Risk is further dampened by the fund’s inclusion of multinational corporations domiciled in the developed world whose profits are derived in the developing world (including top ten holding Western Digital and, potentially, Colgate-Palmolive which generates more than half of its profits in the developing world). Mr. Kaiser suspects that such firms won’t account for more than 20% of the portfolio but they still function as powerful stabilizers. Moreover, he invests in stocks and derivatives which are traded on, and settled in, developed world stock markets. That gives exposure to the developing world’s growth within the developed world’s market structures. As of 1/30/10, ADRs and ADSs account for 16 of the fund’s 30 holdings.
An intriguing, but less obvious advantage is the fund’s other investors.
Understandably enough, many and perhaps most of the fund’s investors are Muslims who want to make principled investments. They have proven to be incredibly loyal, steadfast shareholders. During the market meltdown in 2008, for example, Amana Growth and Amana Income both saw assets grow steadily and, in Income’s case, substantially.

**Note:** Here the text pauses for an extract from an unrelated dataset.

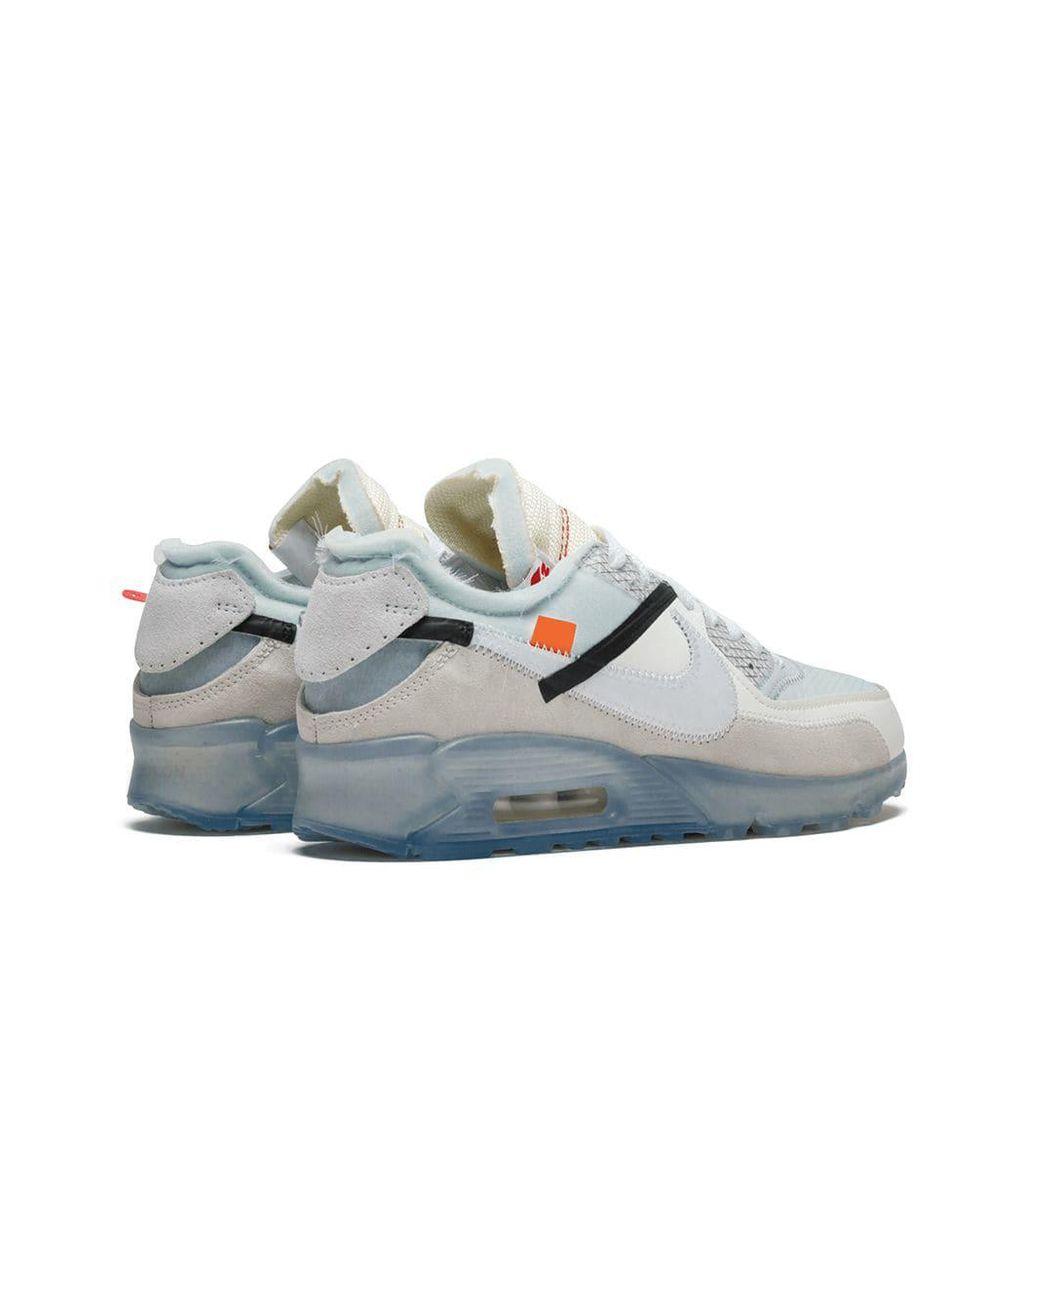 Nike Nike x Off White The 10: Air Max 90 Farfetch

The movement of hot money into and out of emerging markets funds has particularly bedeviled managers and long-term investors alike. The panicked outflow stops managers from doing the sensible thing – buying like mad while there’s blood in the streets – and triggers higher expenses and tax bills for the long-term shareholders. In the case of T. Rowe Price’s very solid Emerging Market Stock fund (PRMSX), investors have pocketed only 50% of the fund’s long-term gains because of their ill-timed decisions.
In contrast, Mr. Kaiser’s investors do exactly the right thing. They buy with discipline and find reason to stick around. Here’s the most remarkable data table I’ve seen in a long while. This compares the investor returns to the fund returns for Mr. Kaiser’s four other equity funds. It is almost universally the case that investor returns trail far behind fund returns. Investors famously buy high and sell low. Morningstar’s analyses suggest s the average fund investor makes 2% less than the average fund he or she owns and, in volatile areas, fund investors often lose money investing in funds that make money.

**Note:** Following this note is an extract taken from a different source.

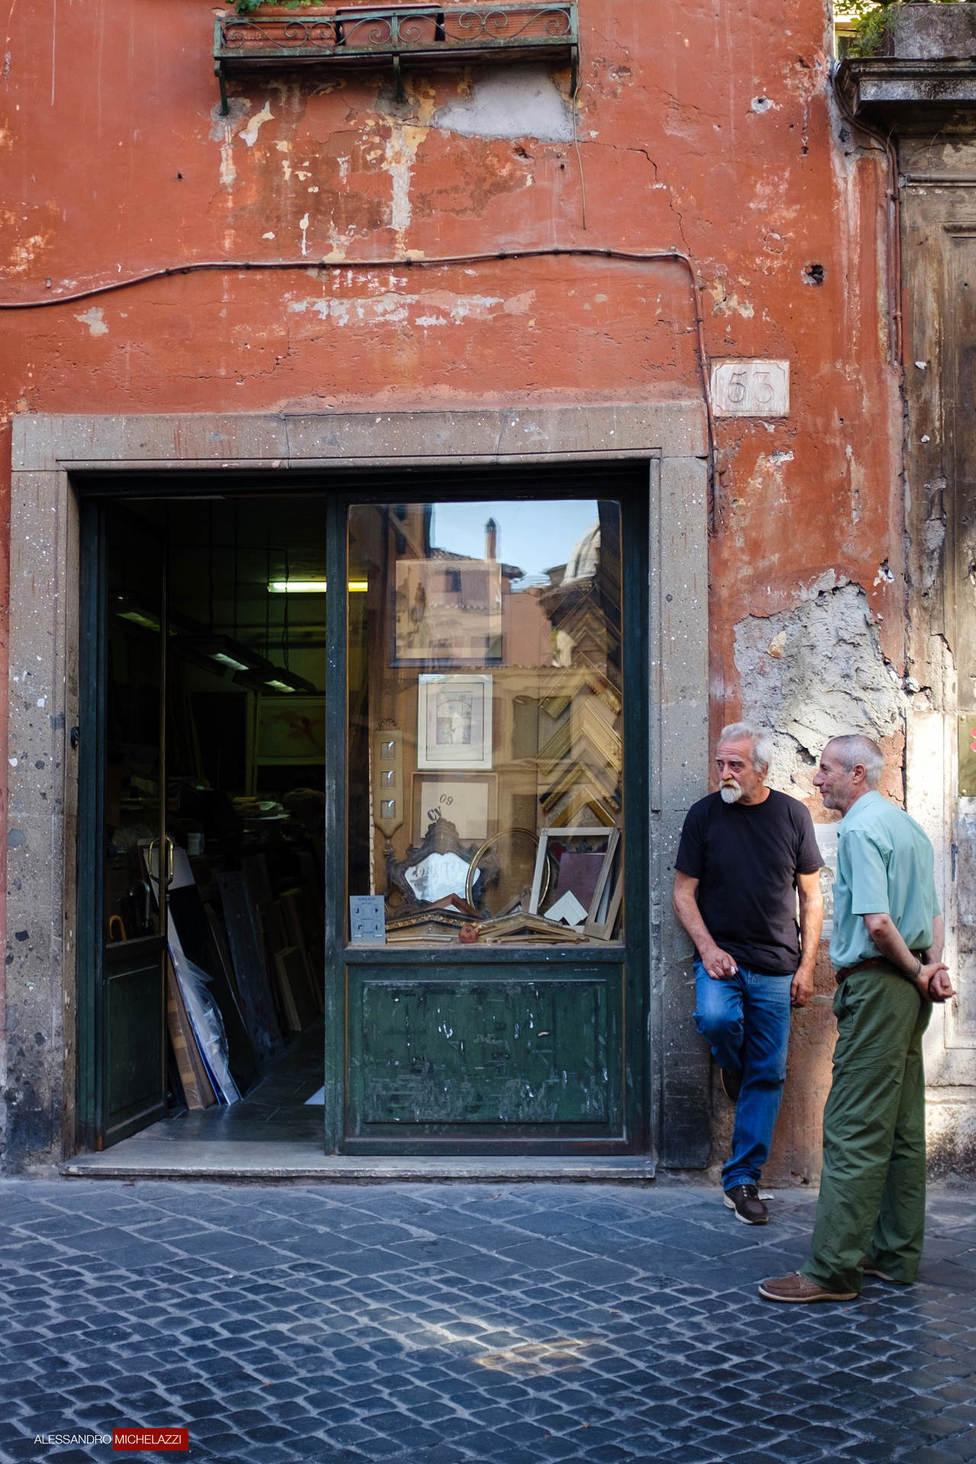 People in Via Margutta

How do Amana/Sextant investors fare on those grounds?
|
Fund’s five-year return |
Investor’s five-year return |
Sextant International |
6.3 |
12.9 |
Sextant Growth |
2.5 |
5.3 |
Sextant Core |
3.8 (3 year only) |
4.1 (3 year only) |
Amana Income |
7.0 |
9.0 |
Amana Growth |
6.0 |
9.8 |
In every case, those investors actually made more than the nominal returns of their funds says is possible. Having investors who stay put and buy steadily may offer a unique, substantial advantage for AMDWX over its peers.
Is there reason to be cautious? Sure. Three factors are worth noting:
- For better and worse, the fund is 50% cash, as of 3/31/11.

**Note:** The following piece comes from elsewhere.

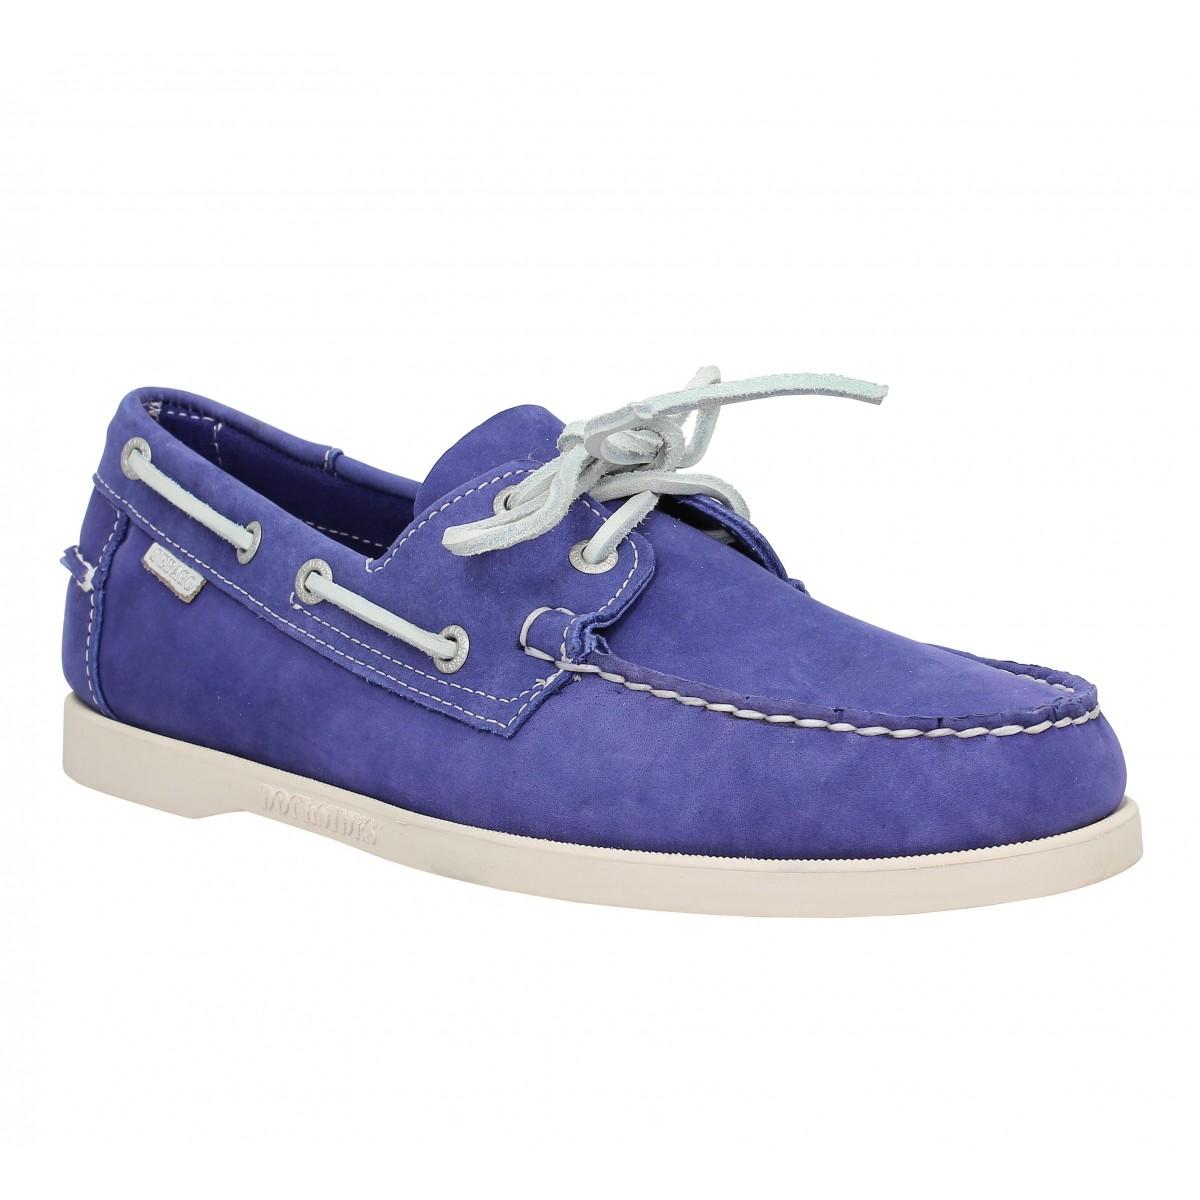 Chaussures bateaux SEBAGO Docksides velours Homme Bleu Violet

- The fund’s investable universe is distinctly different from many peers’. There are 30 countries on his approved list, about half as many as Price picks through. Some countries which feature prominently in many portfolios (including Israel and Korea) are excluded here because he classifies them as “developed” rather than developing. And, as I noted above, about two-thirds of developing market stocks, and the region’s largest stock sector, fail the fund’s basic screens.
- Finally, a lot depends on one guy. Mr. Kaiser is the sole manager of five funds with $2.8 billion in assets. The remaining investment staff includes his fixed-income guy, the Core fund manager, the director of Islamic investing and three analysts. At 65, Mr. Kaiser is still young, sparky and deeply committed but . …
Bottom line
If you’re looking for a potential great entree into the developing markets, and especially if you’re a small investors looking for an affordable, conservative fund, you’ve found it!